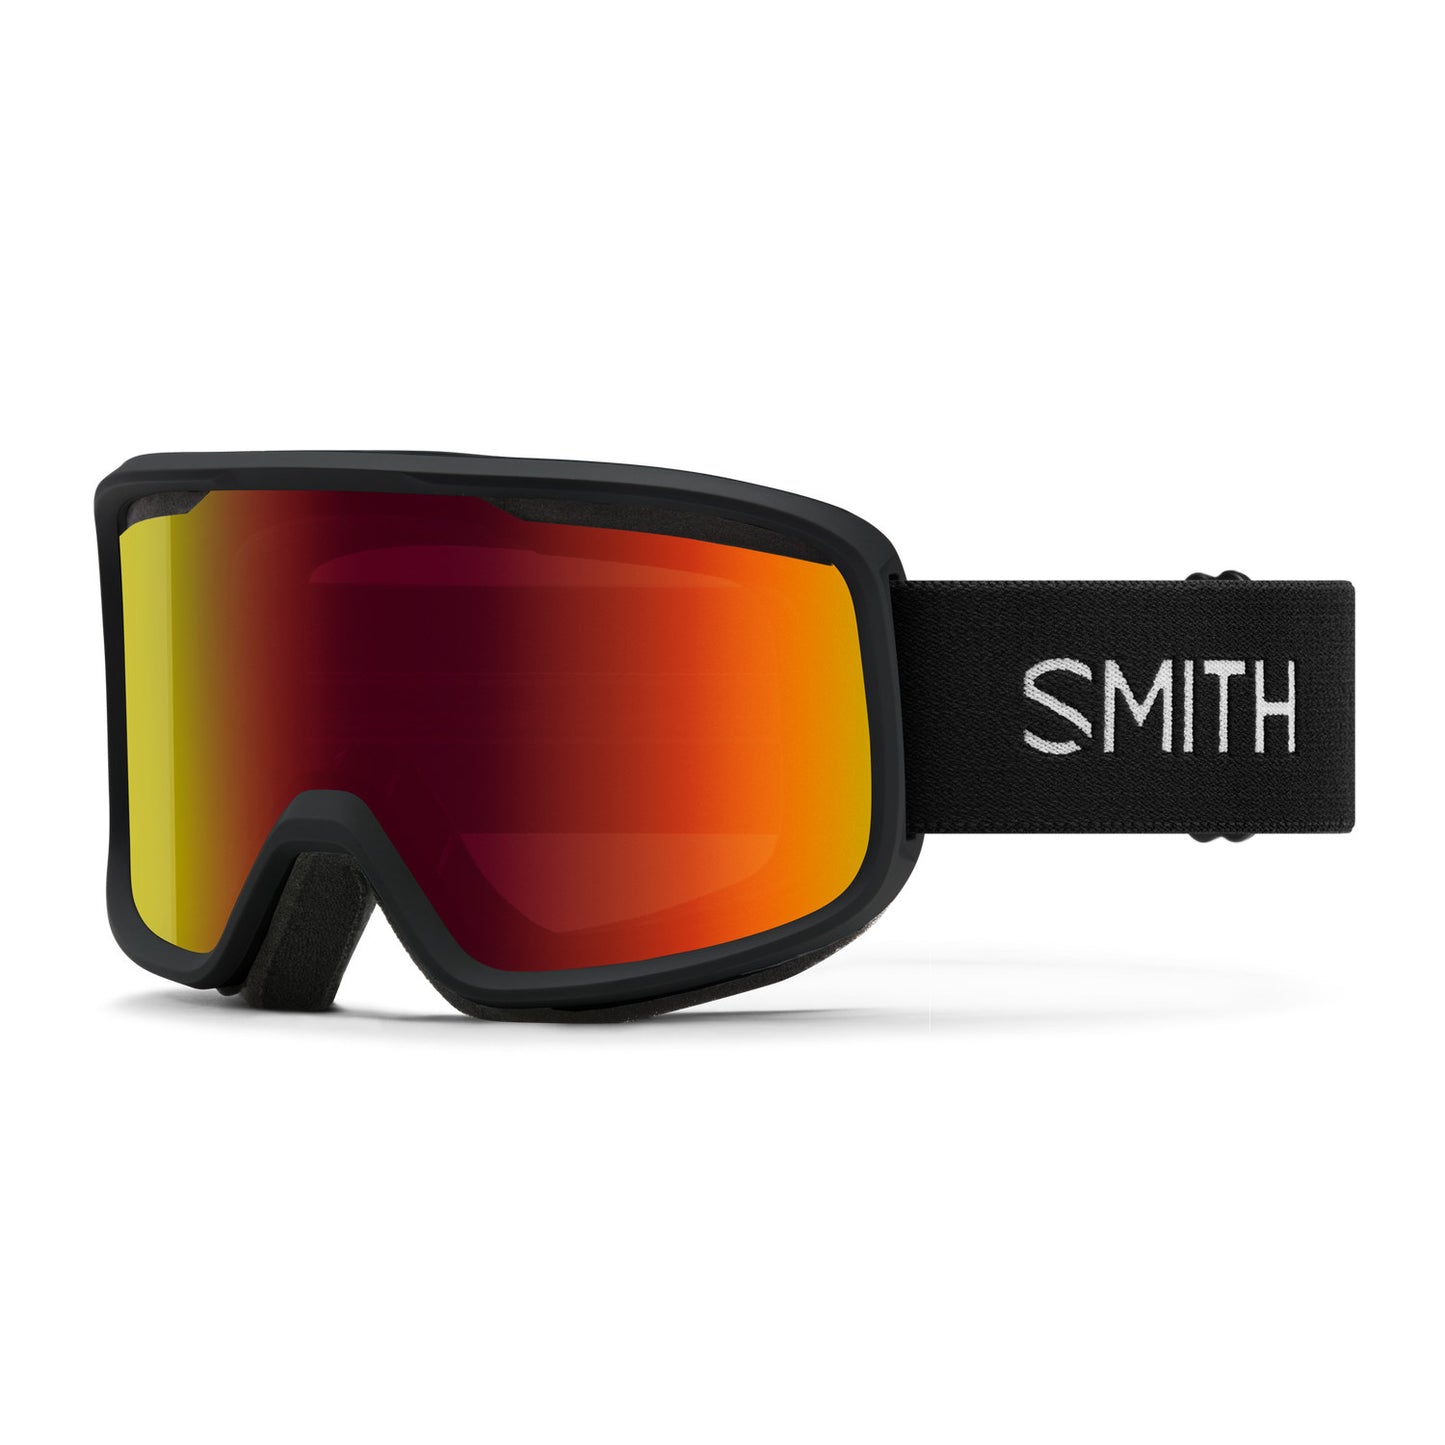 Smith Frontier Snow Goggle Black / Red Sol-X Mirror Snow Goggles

--

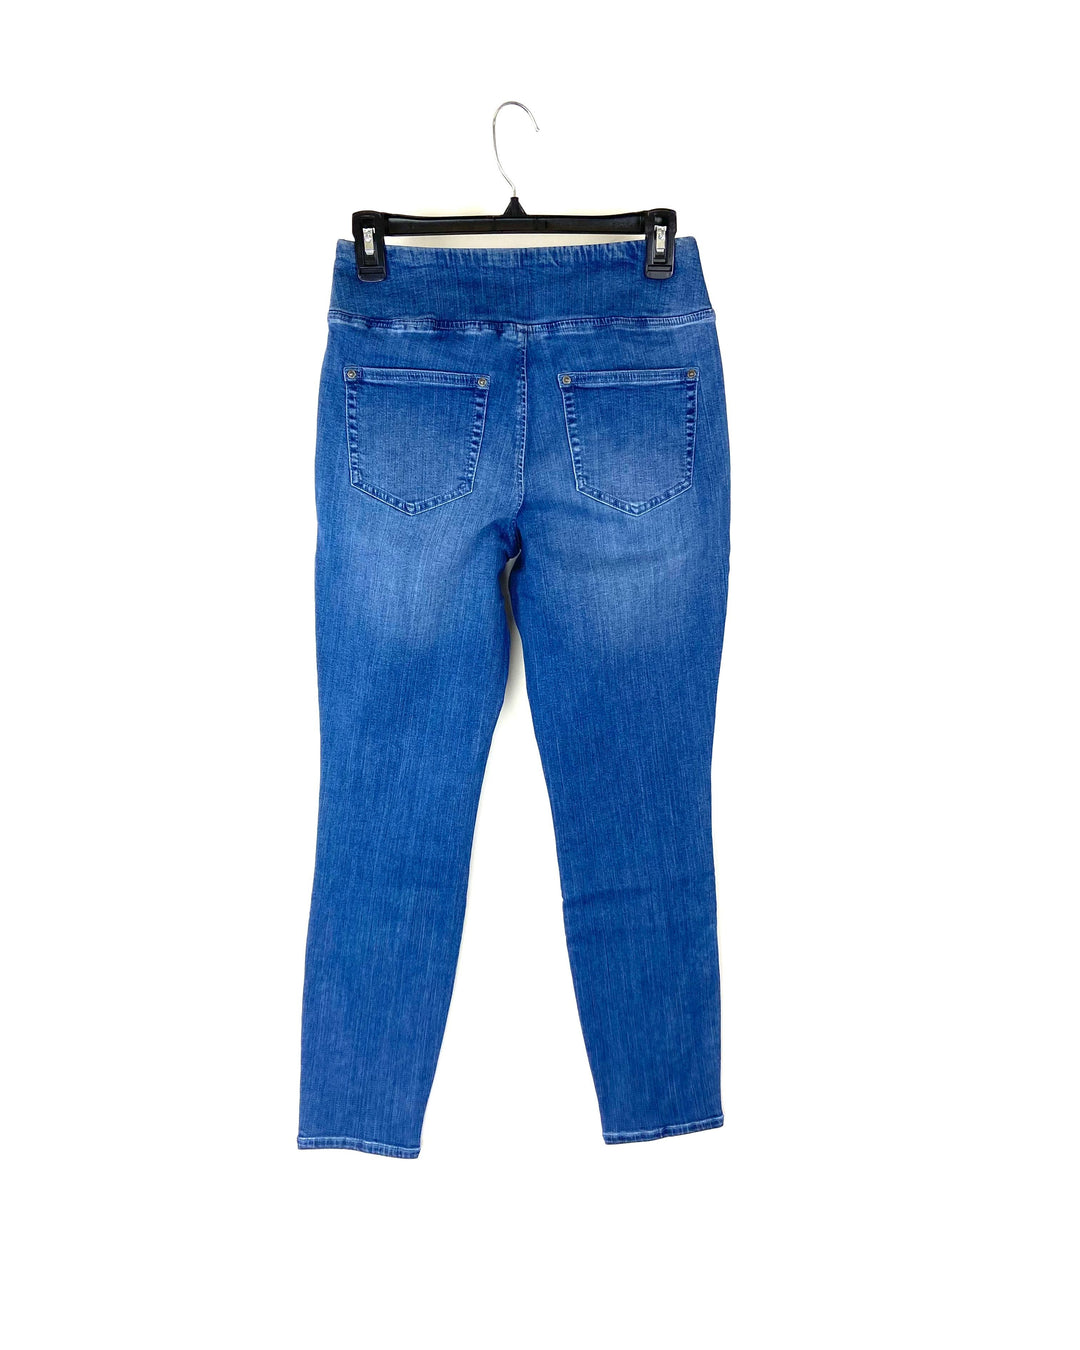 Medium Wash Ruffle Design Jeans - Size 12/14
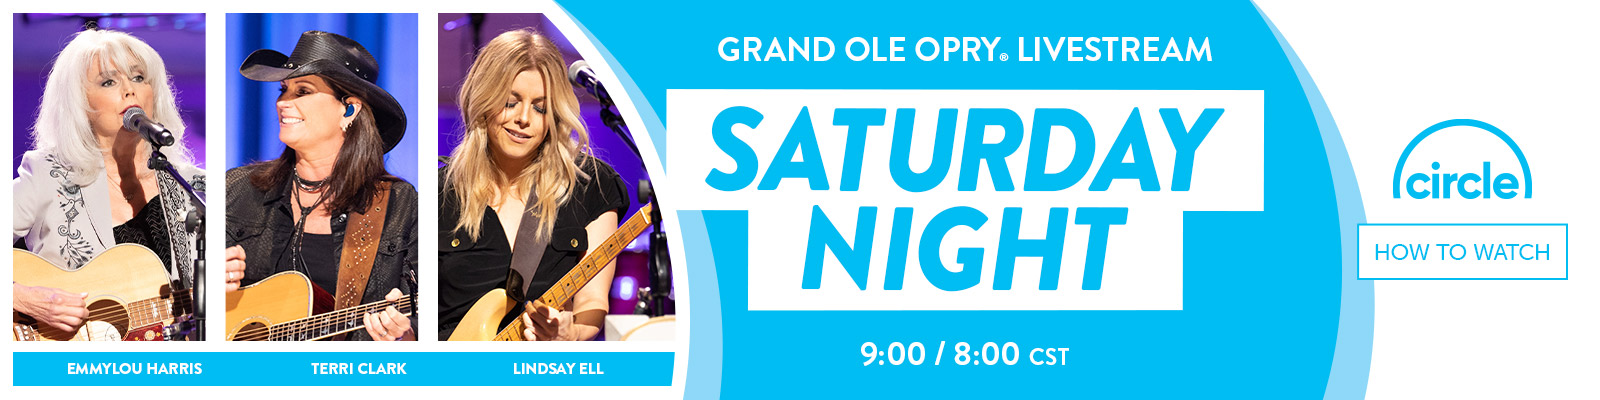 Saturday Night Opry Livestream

**Instructions to follow**
Reproduce the data above exactly, but only from the line containing "Medium Wash Ruffle Design Jeans - Size 12/14" through the line containing "Saturday Night Opry Livestream". Omit all pictures.

**Problem solution**
 Medium Wash Ruffle Design Jeans - Size 12/14
 Saturday Night Opry Livestream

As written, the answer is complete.